(ORDO NEWS) — A team of scientists from the Wildlife Conservation Society (WCS) and Oxford Brookes University, UK, have found that a rare monkey species in Bolivia has adapted to life in a “depleted” forest. Animals have begun to diet and move less to conserve energy.
Although animals are adapting to such conditions, deforestation must stop.
The monkey (Plecturocebus olallae, or Ollala’s Leaper) has an energy-minimizing strategy that allows it to continue living in the thinning forests of southwestern Llanos de Moxos, the largest wetland in the Amazon.
The team observed a shift in diet during the dry season. From fruits, animals have moved on to alternative foods such as seeds, lichens and mushrooms.
In addition, the monkeys have reduced their activity. Instead of going outside their homes in search of fruits and other foods, they simply began to use less energy.

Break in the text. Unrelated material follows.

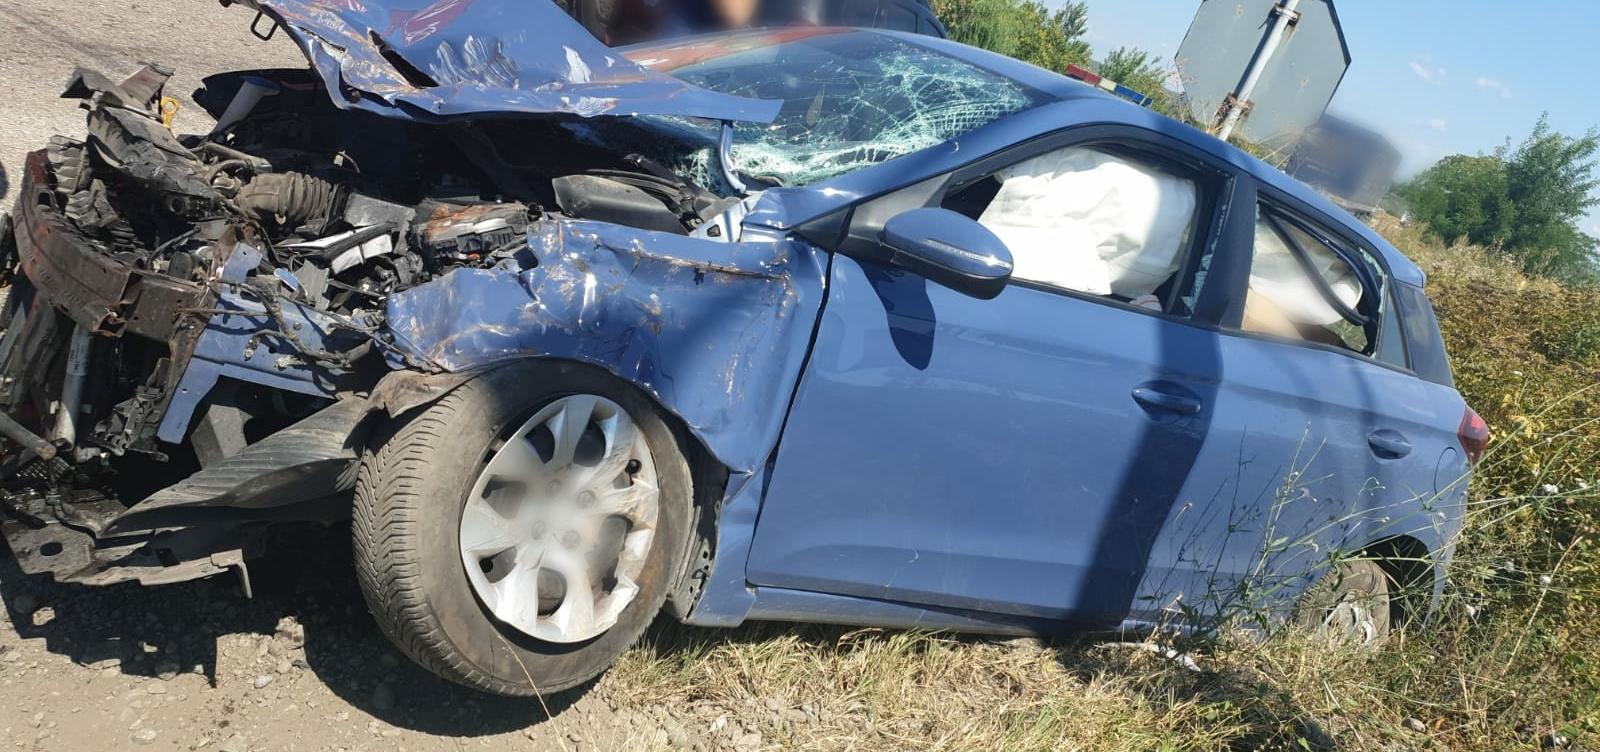 Accident la Brătești cu o victimă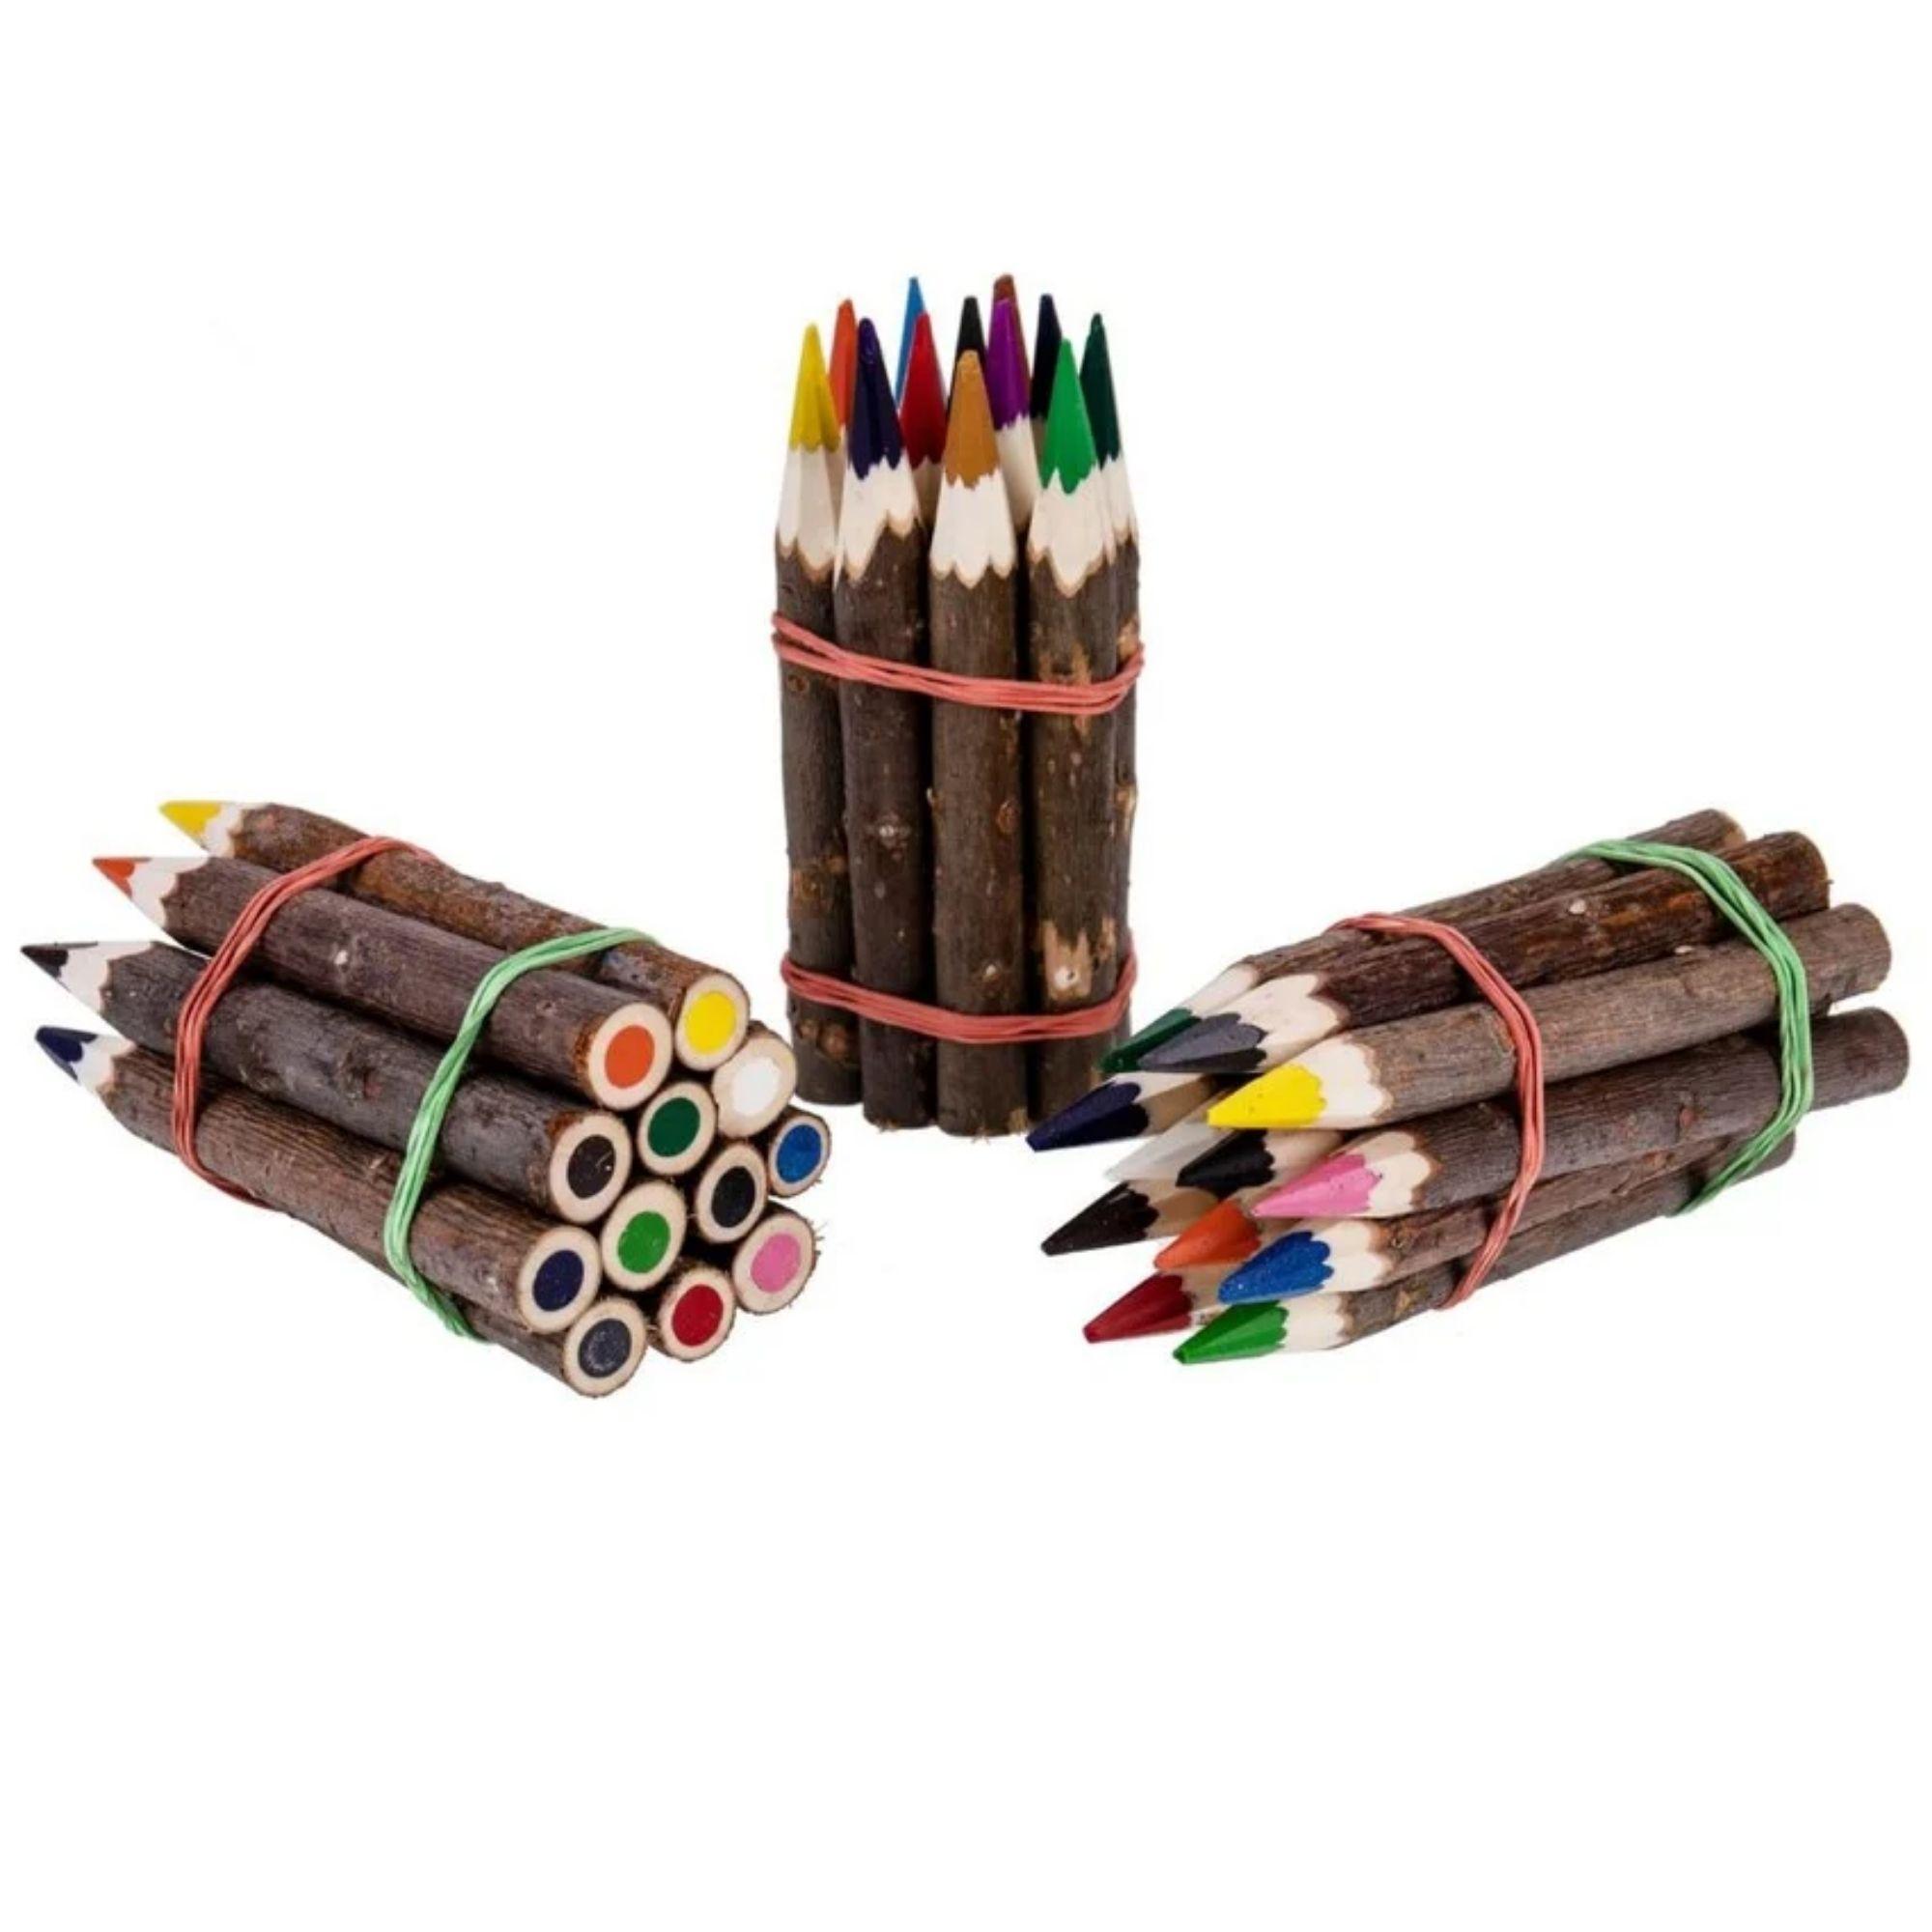 Holz Buntstifte mit Rinde - Geschenk für Kinder blanko

The problem of deforestation
However, the authors say that even if the animals adapt to life in thinning forests, the problem of deforestation and further fragmentation of the range of these endemic and endangered primates still needs to be addressed.
The authors of the paper noted that in December 2021, the WCS in Bolivia received the National Biodiversity Science Award for its work over the past two decades in studying and developing measures for the conservation of endemic monkeys.
However, the efforts of scientists and conservation organizations are simply not enough to save many species in the future. People should stop cutting down forests.